Zum Schluss möchte ich sagen: Dass Sie jetzt drei Monate haben vergehen lassen, seit die Anhörung im Regionalausschuss stattgefunden hat, um uns dann hier eine Änderung zu präsentieren, die eine Kurzbezeichnung des Gesetzes beinhaltet, und dass Sie nach den vielen klugen Sachvorträgen in der Anhörung nicht zu dem Schluss gekommen sind, dass bei diesem Gesetzesentwurf noch mehr zu machen ist, wäre es schon fast lächerlich, wenn es nicht für die Kommunen, die es betrifft – nämlich Dresden und Leipzig –, tatsächlich eine erhebliche Einschränkung bedeutete, weil bestimmte Sachen eben nicht aufgenommen wurden.
Wir stimmen – das kommt jetzt bestimmt überraschend – dem Gesetzesentwurf zu. Wir müssen einen Anfang machen. Wir stimmen dem schweren Herzens zu und hoffen, dass in einer neuen parlamentarischen Zusammensetzung vielleicht ab dem Herbst eine schnelle Verschärfung dieses Gesetzes entsprechend der Bedarfslagen der Kommunen Leipzig und Dresden möglich ist.
Sehr geehrte Frau Präsidentin! Sehr geehrte Kolleginnen und Kollegen! Ich komme nicht umhin, doch auf zwei Argumente von Herrn Hentschel von der AfD-Fraktion eingehen zu müssen.
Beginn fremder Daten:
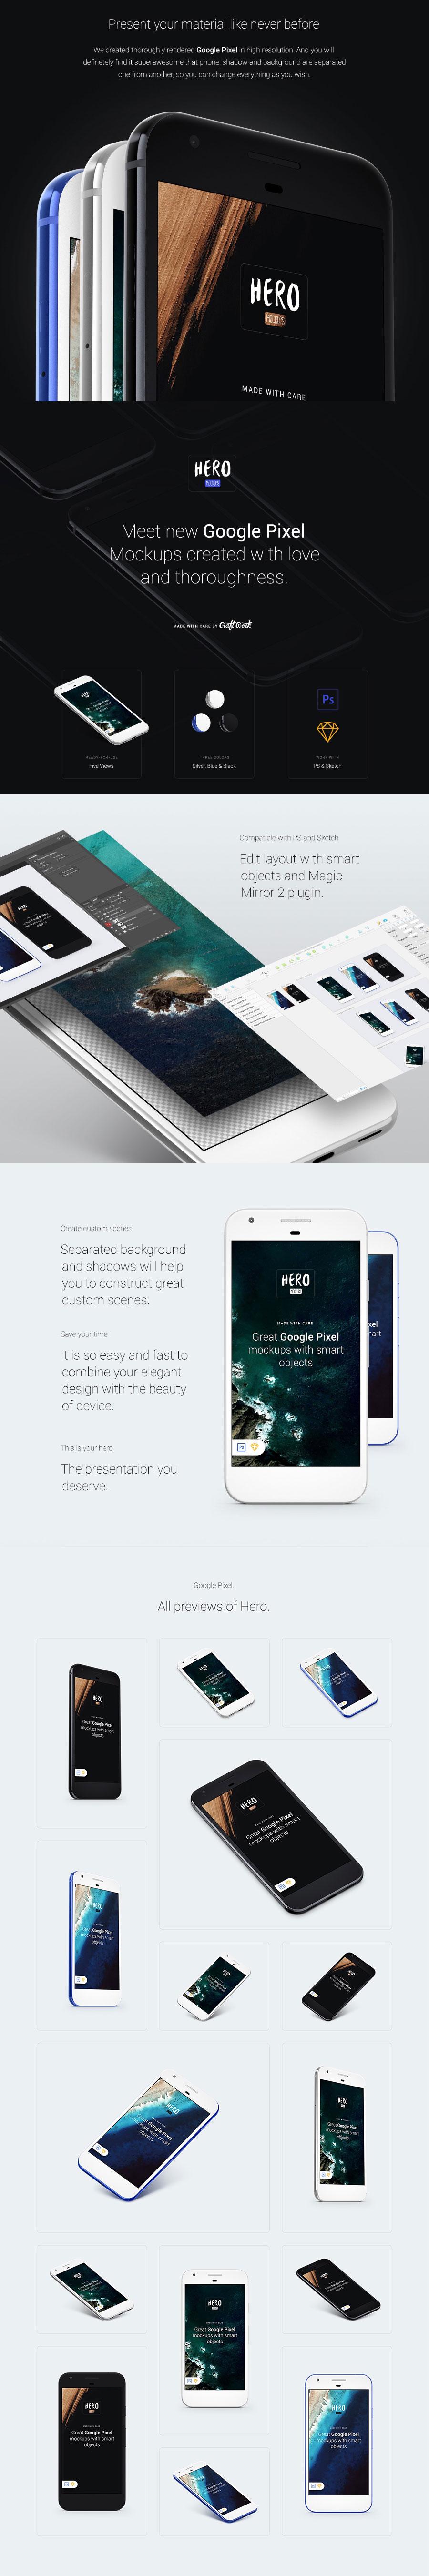 Google Pixel完美的安卓UI设计展示模型Mockup免费下载[PSD]

Merken Sie eigentlich noch, Herr Hentschel, was Sie hier erzählen? Sie sprechen davon, die CDU würde ihre Wähler verraten. Nun möchte ich einmal ausführen: Dieser Gesetzentwurf ist ausschließlich in den Großstädten Dresden und Leipzig überhaupt umsetzbar, und nur, wenn diese das wollen.
In Dresden zumindest – das weiß ich als Dresdner – sind 86 % der Bewohner Mieter. Und Sie behaupten, dass wir mit diesem Gesetz diese Wähler verraten. Merken Sie eigentlich noch, welchen Populismus Sie hier rauslassen?
Was ist denn das für ein Kokolores? „Flächendeckend die Immobilieneigentümer kalt enteignen“! Kollege Löser hat die Zahl genannt: In Dresden reden wir ungefähr von 1 500 Wohnungen – bei einem Gesamtbestand von ungefähr 312 000 Wohnungen in Dresden. Wir reden also erstens von weniger als 0,5 % der Wohnungen, um die es überhaupt geht.
Dann wird den derzeitigen Eigentümern – zweitens – überhaupt nicht verwehrt, diese Wohnungen weiterhin gewerblich zu nutzen, wie sie es jetzt bereits tun. Es wird nur ein Genehmigungsvorbehalt eingefügt, weitere Ferienwohnungen zu generieren. Für die bestehenden gibt es sogar Bestandsschutz.
(Beifall bei der CDU, den LINKEN, den BÜNDNISGRÜNEN, der SPD und des Staatsministers Wolfram Günther)
Sehr geehrte Frau Präsidentin! Ich möchte kurz etwas zu diesen Vorwürfe seitens des Kollegen der AfD entgegnen. Er spricht von StasiMethoden, von Blockwart, von der Wiederkehr der DDR. Am 05.09.2023 ist in New York – das ist nur ein paar Monate her – das „Local Law 18“ in Kraft getreten. Dieses besagt, dass die Vermietung von Ferienwohnungen in New York massiv eingeschränkt wird – aus Gründen, die wir hier dargestellt haben, wobei es um angespannte Wohnungsmärkte geht. Nun den USA und New York den Geist der Unfreiheit an die Flasche zu malen, finde ich völlig bekloppt.
Ich will noch einmal darauf eingehen, dass Sie immer sagen, das schaffe keinen Neubau von Wohnungen – das haben wir auch nie behauptet. Wir haben gesagt, dass zweckentfremdete Wohnungen wieder zurückgewandelt werden können. Und wir haben gesagt, dass wir Wohnungen, die leer stehen – und es gibt Erhebungen, die sagen, in
der Altstadt in Dresden stehen 8 % leer; das sind genau diese überteuerten Immobilien, die zu 15, 16 Euro angeboten werden und nicht abgehen, die spekulativ leer stehen –, an den Markt zurückgeben. Das ist der Sinn.
Ich will zusammenfassen, was die Maxime der AfD bei all diesen Fragen der Wohnungspolitik ist: Sie sind gegen sozialen Wohnungsbau, Sie schwächen den Schutz der Mieterinnen und Mieter, Sie sind am Ende die Partei der sozialen Kälte, was den Wohnungsbau betrifft.